There are several methods that you can apply which offer different insights into the probable biological truth, all with their own pros and cons. Possibly the most trusted method is Sanger sequencing of regions surrounding putative variants. However, it is also the least scalable as it would be prohibitively costly and time-consuming to apply to an entire callset. Typically, Sanger sequencing is only applied to validate candidate variants that are judged highly likely. Another popular method is to evaluate concordance against results obtained from a genotyping chip run on the same samples. This is much more scalable, and conveniently also doubles as a quality control method to detect sample swaps. Although it only covers the subset of known variants that the chip was designed for, this method can give you a pretty good indication of both sensitivity (ability to detect true variants) and specificity (not calling variants where there are none). This is something we do systematically for all samples in the Broad’s production pipelines.

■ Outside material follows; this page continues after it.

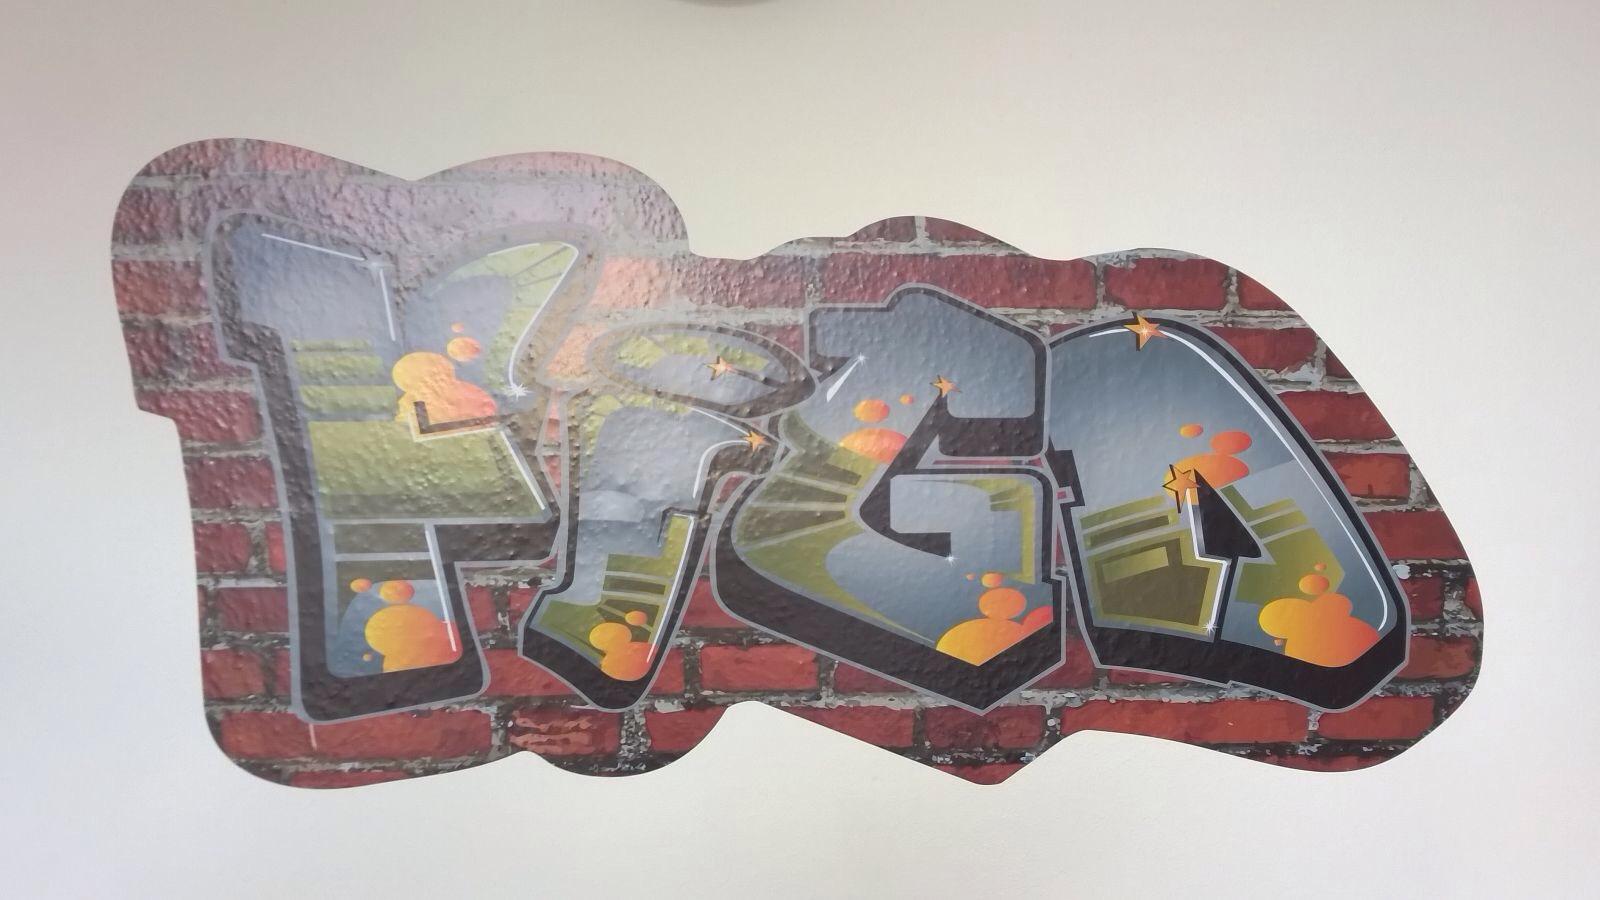 StickerOp - Muursticker graffiti op stenen muur - Stefan

The third method, presented here, is to evaluate how your variant callset stacks up against another variant callset (typically derived from other samples) that is considered to be a truth set (sometimes referred to as a gold standard -- these terms are very close and often used interchangeably). The general idea is that key properties of your callset (metrics discussed later in the text) should roughly match those of the truth set. This method is not meant to render any judgments about the veracity of individual variant calls; instead, it aims to estimate the overall quality of your callset and detect any red flags that might be indicative of error.

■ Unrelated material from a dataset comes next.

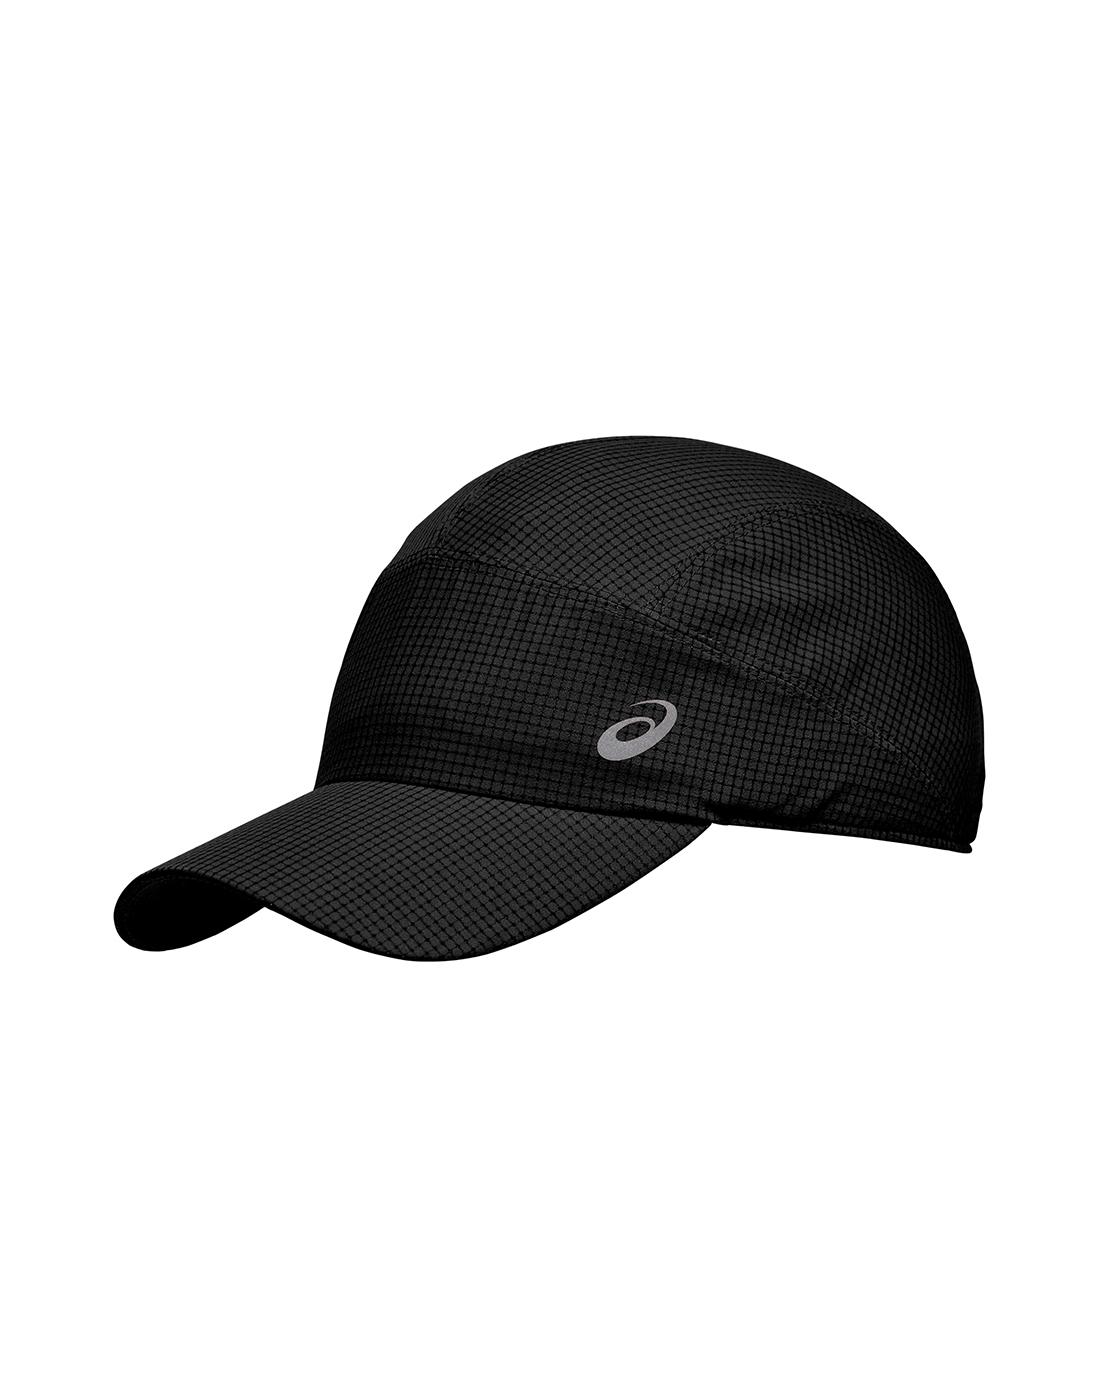 Asics Lightweight Running Cap - Black | Life Style Fitforhealth ...

Underlying assumptions and truthiness*: a note of caution

It should be immediately obvious that there are two important assumptions being made here: 1) that the content of the truth set has been validated somehow and is considered especially trustworthy; and 2) that your samples are expected to have similar genomic content as the population of samples that was used to produce the truth set. These assumptions are not always well-supported, depending on the truth set, your callset, and what they have (or don’t have) in common. You should always keep this in mind when choosing a truth set for your evaluation; it’s a jungle out there. Consider that if anyone can submit variants to a truth set’s database without a well-regulated validation process, and there is no process for removing variants if someone later finds they were wrong (I’m looking at you, dbSNP), you should be extra cautious in interpreting results.
*With apologies to Stephen Colbert.

Validation

So what constitutes validation? Well, the best validation is done with orthogonal methods, meaning that it is done with technology (wetware, hardware, software, etc.) that is not subject to the same error modes as the sequencing process. Calling variants with two callers that use similar algorithms? Great way to reinforce your biases. It won’t mean anything that both give the same results; they could both be making the same mistakes. On the wetlab side, Sanger and genotyping chips are great validation tools; the technology is pretty different, so they tend to make different mistakes. Therefore it means more if they agree or disagree with calls made from high-throughput sequencing.

Matching populations

Regarding the population genomics aspect: it’s complicated -- especially if we’re talking about humans (I am). There’s a lot of interesting literature on this topic; for now let’s just summarize by saying that some important variant calling metrics vary depending on ethnicity. So if you are studying a population with a very specific ethnic composition, you should try to find a truth set composed of individuals with a similar ethnic background, and adjust your expectations accordingly for some metrics.

Similar principles apply to non-human genomic data, with important variations depending on whether you’re looking at wild or domesticated populations, natural or experimentally manipulated lineages, and so on. Unfortunately we can’t currently provide any detailed guidance on this topic, but hopefully this explanation of the logic and considerations involved will help you formulate a variant evaluation strategy that is appropriate for your organism of interest.


Variant evaluation metrics

So let’s say you’ve got your fresh new callset and you’ve found an appropriate truth set. You’re ready to look at some metrics (but don’t worry yet about how; we’ll get to that soon enough). There are several metrics that we recommend examining in order to evaluate your data. The set described here should be considered a minimum and is by no means exclusive. It is nearly always better to evaluate more metrics if you possess the appropriate data to do so -- and as long as you understand why those additional metrics are meaningful. Please don’t try to use metrics that you don’t understand properly, because misunderstandings lead to confusion; confusion leads to worry; and worry leads to too many desperate posts on the GATK forum.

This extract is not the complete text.